*** Material for this task Section Begins ***

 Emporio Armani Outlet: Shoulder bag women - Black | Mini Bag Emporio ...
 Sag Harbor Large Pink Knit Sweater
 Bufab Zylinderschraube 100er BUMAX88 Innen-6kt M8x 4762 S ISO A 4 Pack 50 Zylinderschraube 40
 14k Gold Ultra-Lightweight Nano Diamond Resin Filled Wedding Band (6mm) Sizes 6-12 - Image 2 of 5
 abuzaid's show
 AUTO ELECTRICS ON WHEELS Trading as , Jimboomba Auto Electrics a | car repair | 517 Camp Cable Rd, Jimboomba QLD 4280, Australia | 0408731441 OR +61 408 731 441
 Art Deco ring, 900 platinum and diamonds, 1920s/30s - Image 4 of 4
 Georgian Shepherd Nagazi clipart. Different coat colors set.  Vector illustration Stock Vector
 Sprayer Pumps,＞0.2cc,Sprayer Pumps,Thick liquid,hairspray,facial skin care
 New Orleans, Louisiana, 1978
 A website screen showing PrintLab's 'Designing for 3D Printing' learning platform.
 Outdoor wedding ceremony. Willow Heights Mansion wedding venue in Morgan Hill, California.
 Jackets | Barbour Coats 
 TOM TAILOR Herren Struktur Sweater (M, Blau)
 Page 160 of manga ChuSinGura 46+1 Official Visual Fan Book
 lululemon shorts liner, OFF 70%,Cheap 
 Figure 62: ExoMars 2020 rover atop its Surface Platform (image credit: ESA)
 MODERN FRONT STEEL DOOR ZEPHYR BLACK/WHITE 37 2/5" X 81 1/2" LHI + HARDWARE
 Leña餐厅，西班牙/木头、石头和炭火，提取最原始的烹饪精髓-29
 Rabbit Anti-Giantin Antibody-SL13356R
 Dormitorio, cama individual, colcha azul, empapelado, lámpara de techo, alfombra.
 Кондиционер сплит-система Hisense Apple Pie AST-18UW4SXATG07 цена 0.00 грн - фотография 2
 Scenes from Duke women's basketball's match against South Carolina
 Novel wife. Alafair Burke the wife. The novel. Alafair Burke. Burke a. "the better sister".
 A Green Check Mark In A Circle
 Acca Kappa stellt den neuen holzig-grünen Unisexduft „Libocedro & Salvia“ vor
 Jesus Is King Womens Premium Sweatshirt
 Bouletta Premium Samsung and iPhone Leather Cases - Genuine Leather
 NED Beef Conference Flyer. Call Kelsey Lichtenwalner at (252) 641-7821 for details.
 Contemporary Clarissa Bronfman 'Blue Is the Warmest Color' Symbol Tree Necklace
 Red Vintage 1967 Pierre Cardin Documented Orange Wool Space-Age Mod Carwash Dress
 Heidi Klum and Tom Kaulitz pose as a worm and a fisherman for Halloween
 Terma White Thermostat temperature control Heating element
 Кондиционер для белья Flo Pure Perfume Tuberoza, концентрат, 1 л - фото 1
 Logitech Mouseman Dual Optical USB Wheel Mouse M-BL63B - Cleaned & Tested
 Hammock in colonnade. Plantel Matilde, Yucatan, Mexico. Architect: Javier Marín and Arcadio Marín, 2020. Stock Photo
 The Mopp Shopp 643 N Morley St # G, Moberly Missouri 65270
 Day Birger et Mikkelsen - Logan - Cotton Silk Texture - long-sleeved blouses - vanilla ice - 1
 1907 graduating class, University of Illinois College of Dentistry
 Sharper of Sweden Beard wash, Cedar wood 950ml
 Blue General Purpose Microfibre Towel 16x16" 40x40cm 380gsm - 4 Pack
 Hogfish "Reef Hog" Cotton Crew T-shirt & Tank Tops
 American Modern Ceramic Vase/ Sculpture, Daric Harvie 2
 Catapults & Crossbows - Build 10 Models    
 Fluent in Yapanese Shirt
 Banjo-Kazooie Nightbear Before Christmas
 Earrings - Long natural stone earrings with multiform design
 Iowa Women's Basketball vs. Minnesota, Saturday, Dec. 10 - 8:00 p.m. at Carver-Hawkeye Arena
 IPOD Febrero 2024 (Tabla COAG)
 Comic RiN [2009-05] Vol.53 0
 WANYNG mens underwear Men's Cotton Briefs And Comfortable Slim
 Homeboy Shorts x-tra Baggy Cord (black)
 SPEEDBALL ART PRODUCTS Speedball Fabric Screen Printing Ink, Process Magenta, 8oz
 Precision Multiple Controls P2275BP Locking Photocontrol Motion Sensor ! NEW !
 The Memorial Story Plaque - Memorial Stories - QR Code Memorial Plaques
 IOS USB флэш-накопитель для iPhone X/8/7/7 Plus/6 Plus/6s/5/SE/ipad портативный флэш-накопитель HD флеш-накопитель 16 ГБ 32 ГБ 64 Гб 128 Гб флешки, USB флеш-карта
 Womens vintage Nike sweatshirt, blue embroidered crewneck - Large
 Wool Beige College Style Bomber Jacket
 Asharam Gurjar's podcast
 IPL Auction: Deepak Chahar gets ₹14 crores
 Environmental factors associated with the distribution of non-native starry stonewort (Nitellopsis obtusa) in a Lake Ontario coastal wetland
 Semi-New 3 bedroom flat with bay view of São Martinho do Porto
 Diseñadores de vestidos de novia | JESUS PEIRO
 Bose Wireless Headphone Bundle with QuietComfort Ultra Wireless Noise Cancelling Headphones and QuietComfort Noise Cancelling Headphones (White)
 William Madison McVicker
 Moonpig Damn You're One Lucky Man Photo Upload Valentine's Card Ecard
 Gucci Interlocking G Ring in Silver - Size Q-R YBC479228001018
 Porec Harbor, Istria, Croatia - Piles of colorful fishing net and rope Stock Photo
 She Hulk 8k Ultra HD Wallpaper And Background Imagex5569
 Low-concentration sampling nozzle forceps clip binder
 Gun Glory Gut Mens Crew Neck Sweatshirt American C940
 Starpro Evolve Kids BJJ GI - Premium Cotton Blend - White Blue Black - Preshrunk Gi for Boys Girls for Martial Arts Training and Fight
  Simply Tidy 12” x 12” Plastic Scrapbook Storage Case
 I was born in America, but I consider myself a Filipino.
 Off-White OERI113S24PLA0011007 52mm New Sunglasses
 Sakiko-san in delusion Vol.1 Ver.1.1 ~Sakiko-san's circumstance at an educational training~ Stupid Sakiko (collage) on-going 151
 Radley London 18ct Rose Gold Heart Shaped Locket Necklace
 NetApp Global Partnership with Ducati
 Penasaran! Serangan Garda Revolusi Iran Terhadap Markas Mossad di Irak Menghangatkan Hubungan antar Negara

*** Material for this task Section Ends ***

What this task involves —
Please transcribe the material above precisely as it stands.

Exercise solution —
 Emporio Armani Outlet: Shoulder bag women - Black | Mini Bag Emporio ...
 Sag Harbor Large Pink Knit Sweater
 Bufab Zylinderschraube 100er BUMAX88 Innen-6kt M8x 4762 S ISO A 4 Pack 50 Zylinderschraube 40
 14k Gold Ultra-Lightweight Nano Diamond Resin Filled Wedding Band (6mm) Sizes 6-12 - Image 2 of 5
 abuzaid's show
 AUTO ELECTRICS ON WHEELS Trading as , Jimboomba Auto Electrics a | car repair | 517 Camp Cable Rd, Jimboomba QLD 4280, Australia | 0408731441 OR +61 408 731 441
 Art Deco ring, 900 platinum and diamonds, 1920s/30s - Image 4 of 4
 Georgian Shepherd Nagazi clipart. Different coat colors set.  Vector illustration Stock Vector
 Sprayer Pumps,＞0.2cc,Sprayer Pumps,Thick liquid,hairspray,facial skin care
 New Orleans, Louisiana, 1978
 A website screen showing PrintLab's 'Designing for 3D Printing' learning platform.
 Outdoor wedding ceremony. Willow Heights Mansion wedding venue in Morgan Hill, California.
 Jackets | Barbour Coats 
 TOM TAILOR Herren Struktur Sweater (M, Blau)
 Page 160 of manga ChuSinGura 46+1 Official Visual Fan Book
 lululemon shorts liner, OFF 70%,Cheap 
 Figure 62: ExoMars 2020 rover atop its Surface Platform (image credit: ESA)
 MODERN FRONT STEEL DOOR ZEPHYR BLACK/WHITE 37 2/5" X 81 1/2" LHI + HARDWARE
 Leña餐厅，西班牙/木头、石头和炭火，提取最原始的烹饪精髓-29
 Rabbit Anti-Giantin Antibody-SL13356R
 Dormitorio, cama individual, colcha azul, empapelado, lámpara de techo, alfombra.
 Кондиционер сплит-система Hisense Apple Pie AST-18UW4SXATG07 цена 0.00 грн - фотография 2
 Scenes from Duke women's basketball's match against South Carolina
 Novel wife. Alafair Burke the wife. The novel. Alafair Burke. Burke a. "the better sister".
 A Green Check Mark In A Circle
 Acca Kappa stellt den neuen holzig-grünen Unisexduft „Libocedro & Salvia“ vor
 Jesus Is King Womens Premium Sweatshirt
 Bouletta Premium Samsung and iPhone Leather Cases - Genuine Leather
 NED Beef Conference Flyer. Call Kelsey Lichtenwalner at (252) 641-7821 for details.
 Contemporary Clarissa Bronfman 'Blue Is the Warmest Color' Symbol Tree Necklace
 Red Vintage 1967 Pierre Cardin Documented Orange Wool Space-Age Mod Carwash Dress
 Heidi Klum and Tom Kaulitz pose as a worm and a fisherman for Halloween
 Terma White Thermostat temperature control Heating element
 Кондиционер для белья Flo Pure Perfume Tuberoza, концентрат, 1 л - фото 1
 Logitech Mouseman Dual Optical USB Wheel Mouse M-BL63B - Cleaned & Tested
 Hammock in colonnade. Plantel Matilde, Yucatan, Mexico. Architect: Javier Marín and Arcadio Marín, 2020. Stock Photo
 The Mopp Shopp 643 N Morley St # G, Moberly Missouri 65270
 Day Birger et Mikkelsen - Logan - Cotton Silk Texture - long-sleeved blouses - vanilla ice - 1
 1907 graduating class, University of Illinois College of Dentistry
 Sharper of Sweden Beard wash, Cedar wood 950ml
 Blue General Purpose Microfibre Towel 16x16" 40x40cm 380gsm - 4 Pack
 Hogfish "Reef Hog" Cotton Crew T-shirt & Tank Tops
 American Modern Ceramic Vase/ Sculpture, Daric Harvie 2
 Catapults & Crossbows - Build 10 Models    
 Fluent in Yapanese Shirt
 Banjo-Kazooie Nightbear Before Christmas
 Earrings - Long natural stone earrings with multiform design
 Iowa Women's Basketball vs. Minnesota, Saturday, Dec. 10 - 8:00 p.m. at Carver-Hawkeye Arena
 IPOD Febrero 2024 (Tabla COAG)
 Comic RiN [2009-05] Vol.53 0
 WANYNG mens underwear Men's Cotton Briefs And Comfortable Slim
 Homeboy Shorts x-tra Baggy Cord (black)
 SPEEDBALL ART PRODUCTS Speedball Fabric Screen Printing Ink, Process Magenta, 8oz
 Precision Multiple Controls P2275BP Locking Photocontrol Motion Sensor ! NEW !
 The Memorial Story Plaque - Memorial Stories - QR Code Memorial Plaques
 IOS USB флэш-накопитель для iPhone X/8/7/7 Plus/6 Plus/6s/5/SE/ipad портативный флэш-накопитель HD флеш-накопитель 16 ГБ 32 ГБ 64 Гб 128 Гб флешки, USB флеш-карта
 Womens vintage Nike sweatshirt, blue embroidered crewneck - Large
 Wool Beige College Style Bomber Jacket
 Asharam Gurjar's podcast
 IPL Auction: Deepak Chahar gets ₹14 crores
 Environmental factors associated with the distribution of non-native starry stonewort (Nitellopsis obtusa) in a Lake Ontario coastal wetland
 Semi-New 3 bedroom flat with bay view of São Martinho do Porto
 Diseñadores de vestidos de novia | JESUS PEIRO
 Bose Wireless Headphone Bundle with QuietComfort Ultra Wireless Noise Cancelling Headphones and QuietComfort Noise Cancelling Headphones (White)
 William Madison McVicker
 Moonpig Damn You're One Lucky Man Photo Upload Valentine's Card Ecard
 Gucci Interlocking G Ring in Silver - Size Q-R YBC479228001018
 Porec Harbor, Istria, Croatia - Piles of colorful fishing net and rope Stock Photo
 She Hulk 8k Ultra HD Wallpaper And Background Imagex5569
 Low-concentration sampling nozzle forceps clip binder
 Gun Glory Gut Mens Crew Neck Sweatshirt American C940
 Starpro Evolve Kids BJJ GI - Premium Cotton Blend - White Blue Black - Preshrunk Gi for Boys Girls for Martial Arts Training and Fight
  Simply Tidy 12” x 12” Plastic Scrapbook Storage Case
 I was born in America, but I consider myself a Filipino.
 Off-White OERI113S24PLA0011007 52mm New Sunglasses
 Sakiko-san in delusion Vol.1 Ver.1.1 ~Sakiko-san's circumstance at an educational training~ Stupid Sakiko (collage) on-going 151
 Radley London 18ct Rose Gold Heart Shaped Locket Necklace
 NetApp Global Partnership with Ducati
 Penasaran! Serangan Garda Revolusi Iran Terhadap Markas Mossad di Irak Menghangatkan Hubungan antar Negara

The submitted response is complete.